Fans and former “Drag Race” contestants were quick to disagree with RuPaul, with Willam Belli noting that “[denying opportunities] because of someone’s narrow-mind view on what they call ‘drag’ is fucked.” As Vox notes, cis performers who do drag make it clear that what they do is a performance, an exaggerated version of the opposite gender they don’t identify within their personal lives. But for trans drag performers, drag is a way to express themselves and their gender in a space that welcomes them. Attempting to exclude anyone from the drag scene is hurtful and dismisses its history, which has been shaped by trans, non-binary and cis performers. Drag is for everyone, and putting limitations upon drag performers is counter-intuitive to drag itself.
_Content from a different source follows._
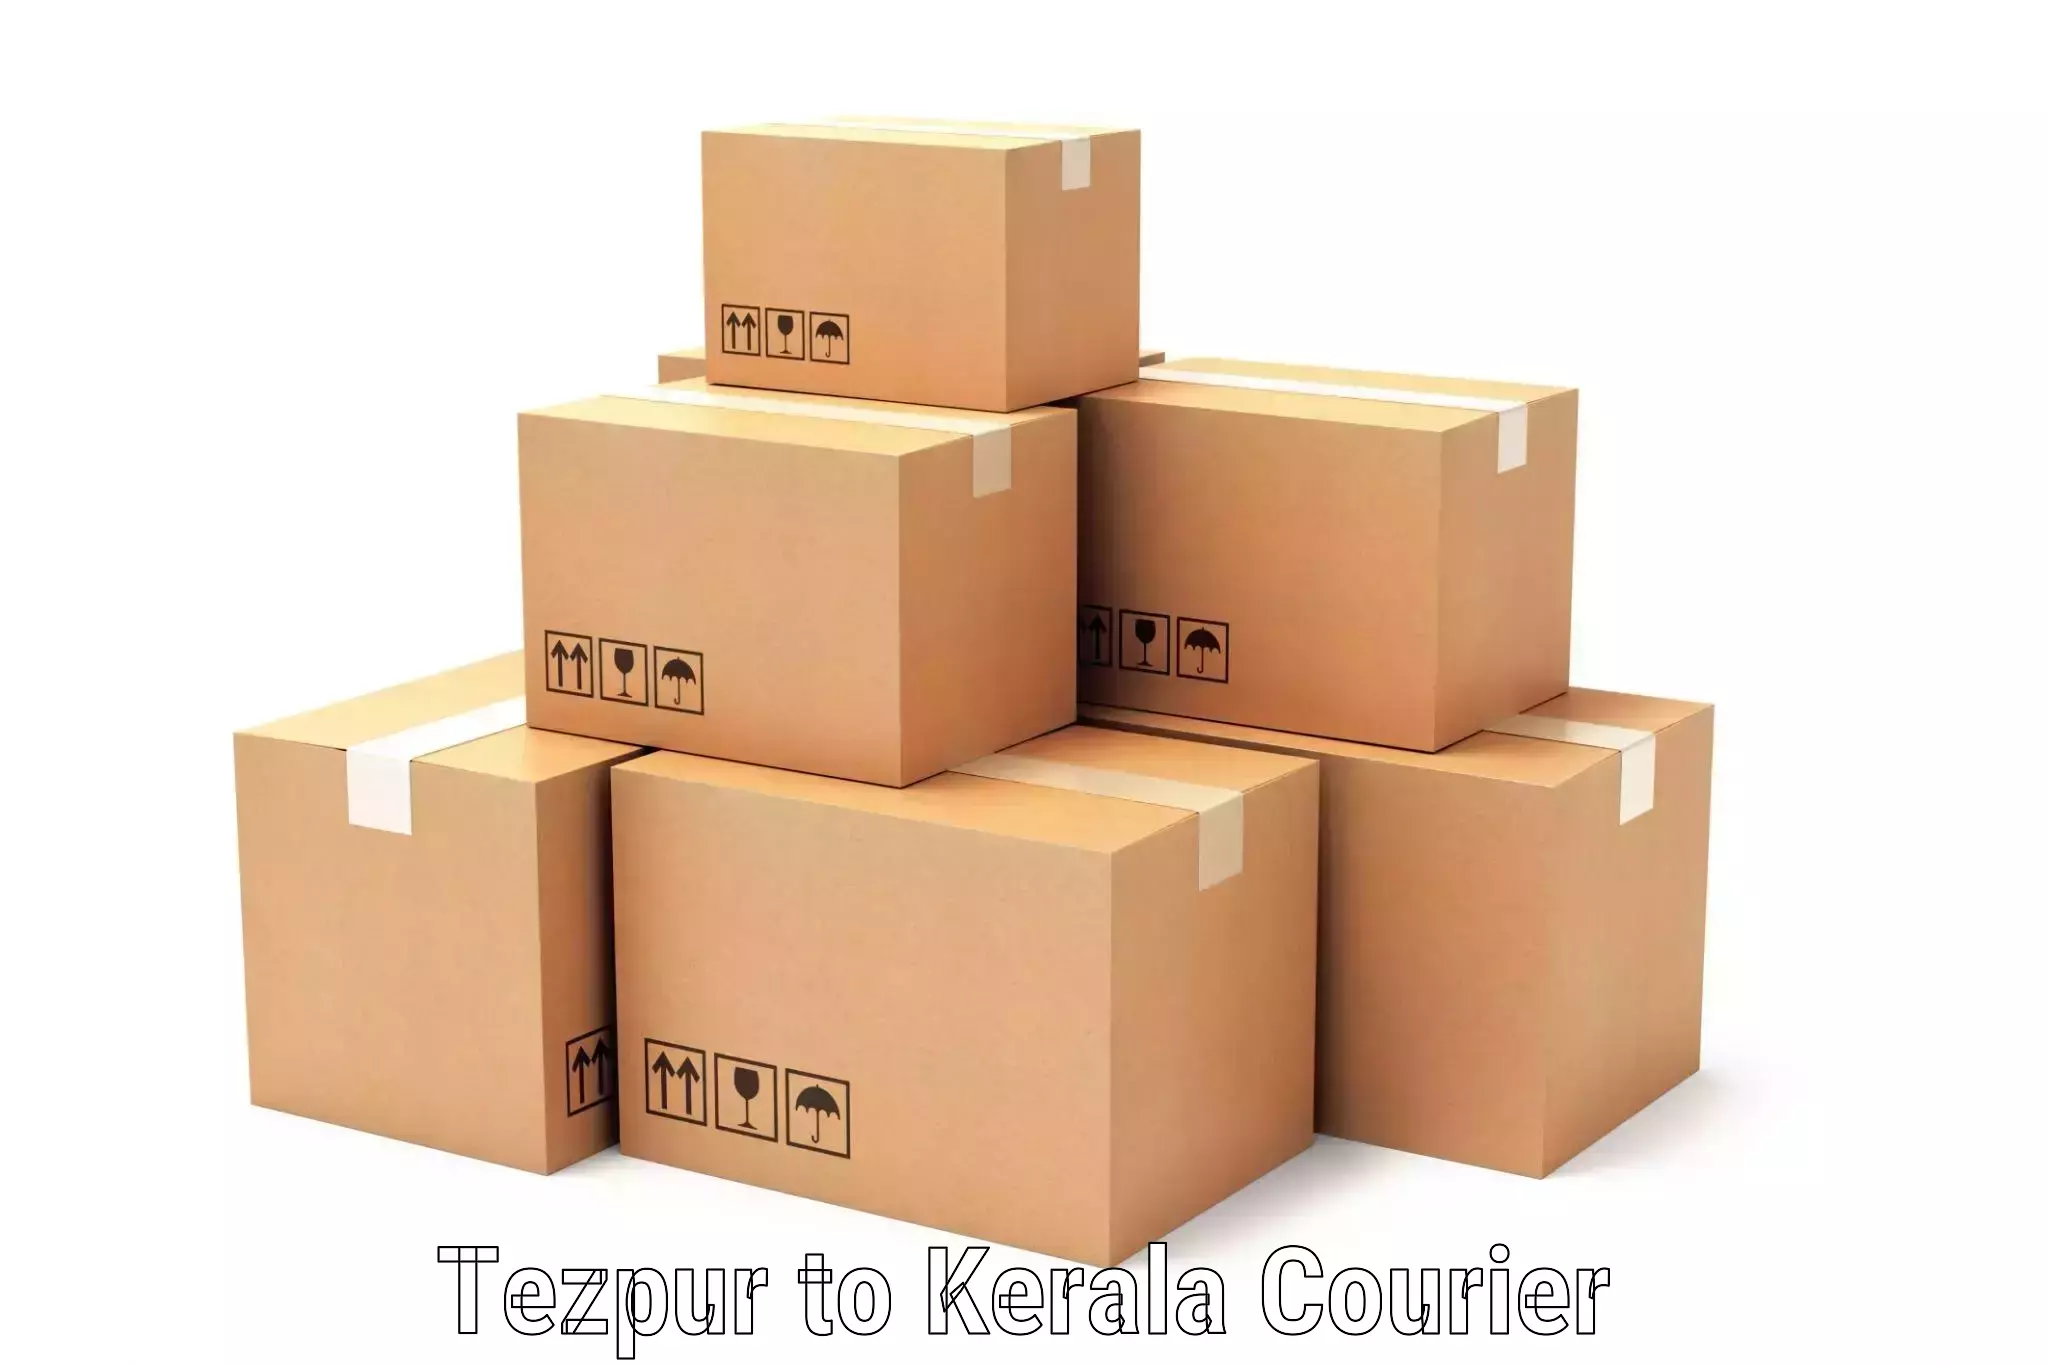 Nationwide delivery network Tezpur to Kazhakkoottam

RuPaul issued the below tweet in response to the backslash, comparing hormone therapy to steroid use in sporting events (aka, cheating):
You can take performance enhancing drugs and still be an athlete, just not in the Olympics. pic.twitter.com/HkJjzXzUGm
— RuPaul (@RuPaul) March 5, 2018
It did not go over well. Past contestants and “Drag Race” winners, including reigning queen Sasha Velour, continued to throw support behind trans and bio queens, leading to a complete walk-back of the interview:
Each morning I pray to set aside everything I THINK I know, so I may have an open mind and a new experience. I understand and regret the hurt I have caused. The trans community are heroes of our shared LGBTQ movement. You are my teachers. pic.twitter.com/80Qi2halN2
— RuPaul (@RuPaul) March 5, 2018
In the 10 years we’ve been casting Drag Race, the only thing we've ever screened for is charisma uniqueness nerve and talent. And that will never change. pic.twitter.com/0jsyt6MRvO
— RuPaul (@RuPaul) March 5, 2018
The flag RuPaul included in the second tweet, by the way, is not the trans flag. Looks like somebody googled the trans pride flag and accidentally typed in “trains.” An honest mistake, but not the best apology one could make. What do you think of RuPaul’s comments and the reaction from “Drag Race” fans and fellow drag performers?